Defendants Clutter and Sizemore resided together in Highland Heights, Kentucky, along with Sizemore’s children from a previous marriage, Chris (age fourteen), Jim (age twelve), and Amy (age ten). Defendants routinely left the children alone from the time they left for work in the evening around 7:00 or 8:00 p.m., until they returned between 4:00 and 6:00 a.m. the next morning. In October 1987, Chris and Jim reported to their father, Frank Sizemore, that there was a “tremendous” amount of marijuana in defendants’ home. Chris delivered to his father marijuana in a plastic bag which he had taken from defendants’ bedroom. Frank Sizemore contacted Hal Spaw of the Northern Kentucky Narcotics Unit, and turned over to him the bag of marijuana. Sizemore advised Officer Spaw that the boys had told him that bags of marijuana were sitting around in defendants’ bedroom and some of it was in dresser drawers.

Spaw suggested to Frank Sizemore that he might sign an affidavit for a search warrant, based upon the information given him by his sons. Sizemore declined, and would not consider the boys becoming openly involved, for fear of his safety and that of the boys. Sizemore said that defendants had on several occasions threatened to kill him.

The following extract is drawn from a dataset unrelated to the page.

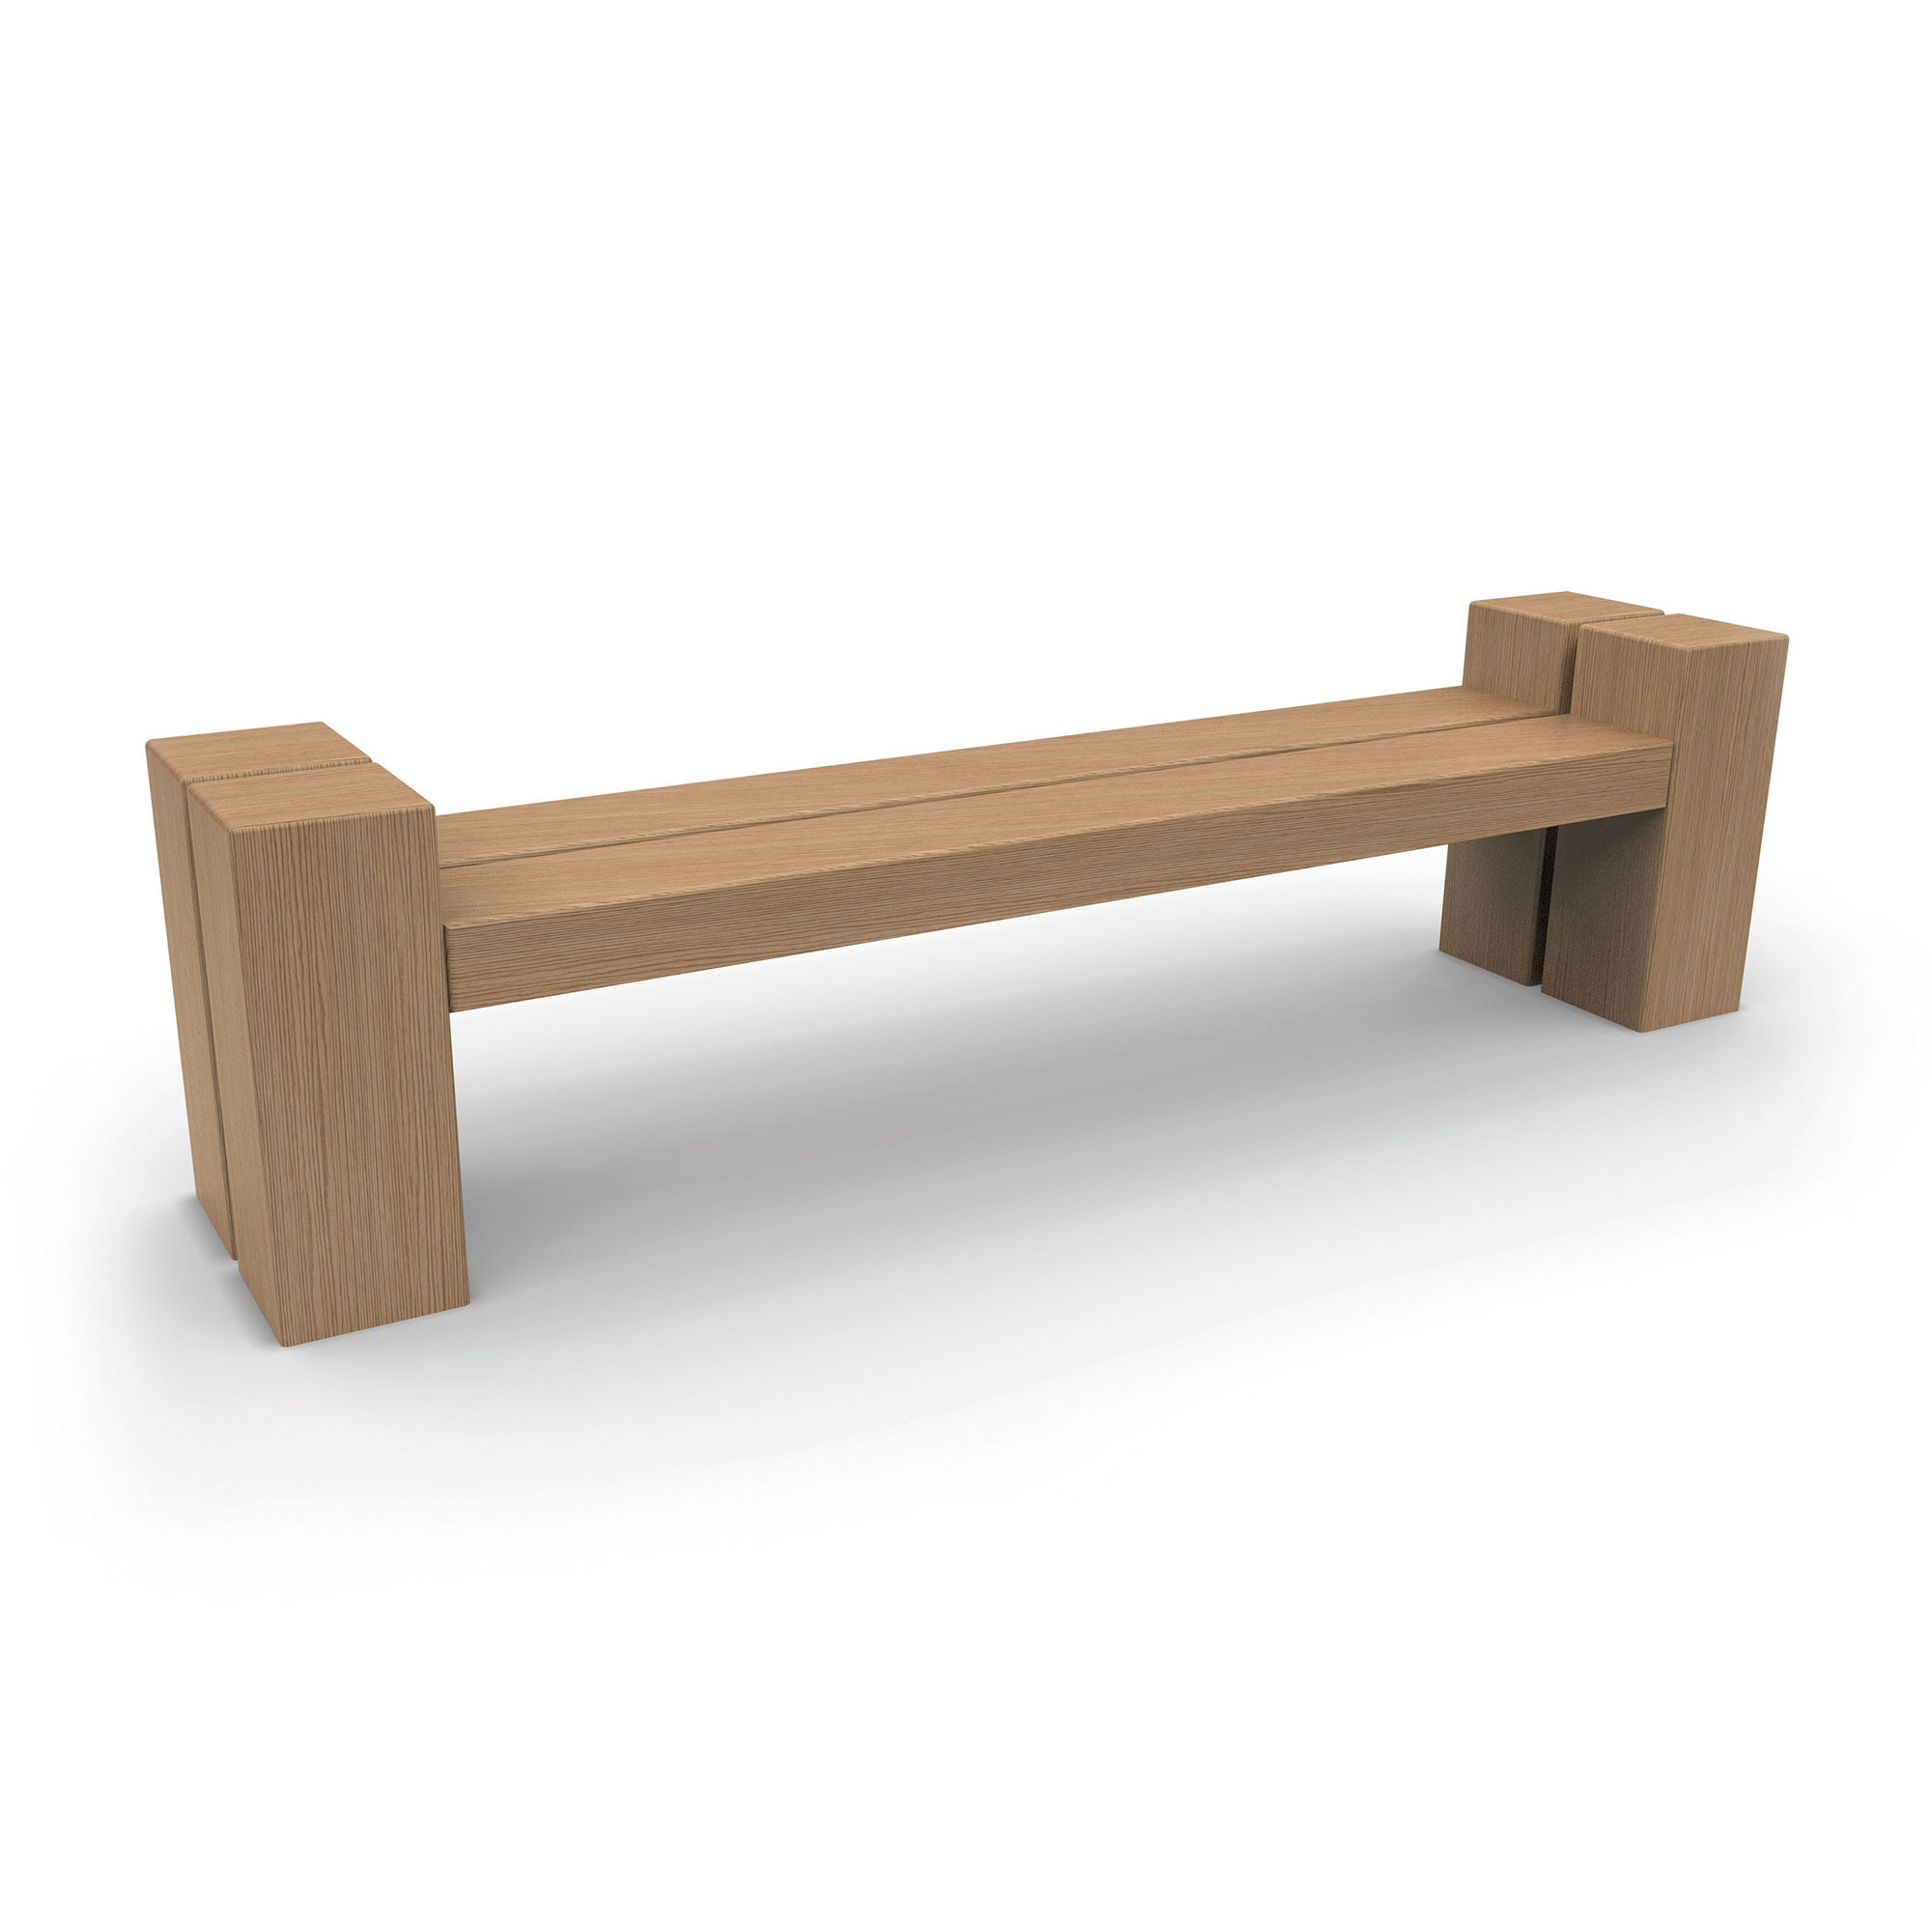 Type 1 Backless Bench

In view of Frank Sizemore’s having taken this position, Spaw told him that someone, perhaps an informant, would need to get inside defendants’ residence in order to confirm the information given by the boys, if Spaw was to develop for a judge the information necessary to obtain a search warrant. Sizemore suggested that the boys would let Spaw into the house, and he *777 telephoned them to arrange for a visit by Spaw. When Officer Spaw went to defendants’ home, knocked on the door, showed the boys his badge, and identified himself as the policeman they were expecting, they admitted him through the kitchen door. He immediately smelled marijuana. The boys led Spaw into defendants’ bedroom and pointed out a dresser drawer as the location of marijuana. Spaw opened the drawer and saw sandwich-sized plastic bags containing marijuana. The boys then indicated there was more behind the dresser and, without moving any furniture, Spaw was able to see “two big garbage bags full of marijuana.” He left without removing anything from the house.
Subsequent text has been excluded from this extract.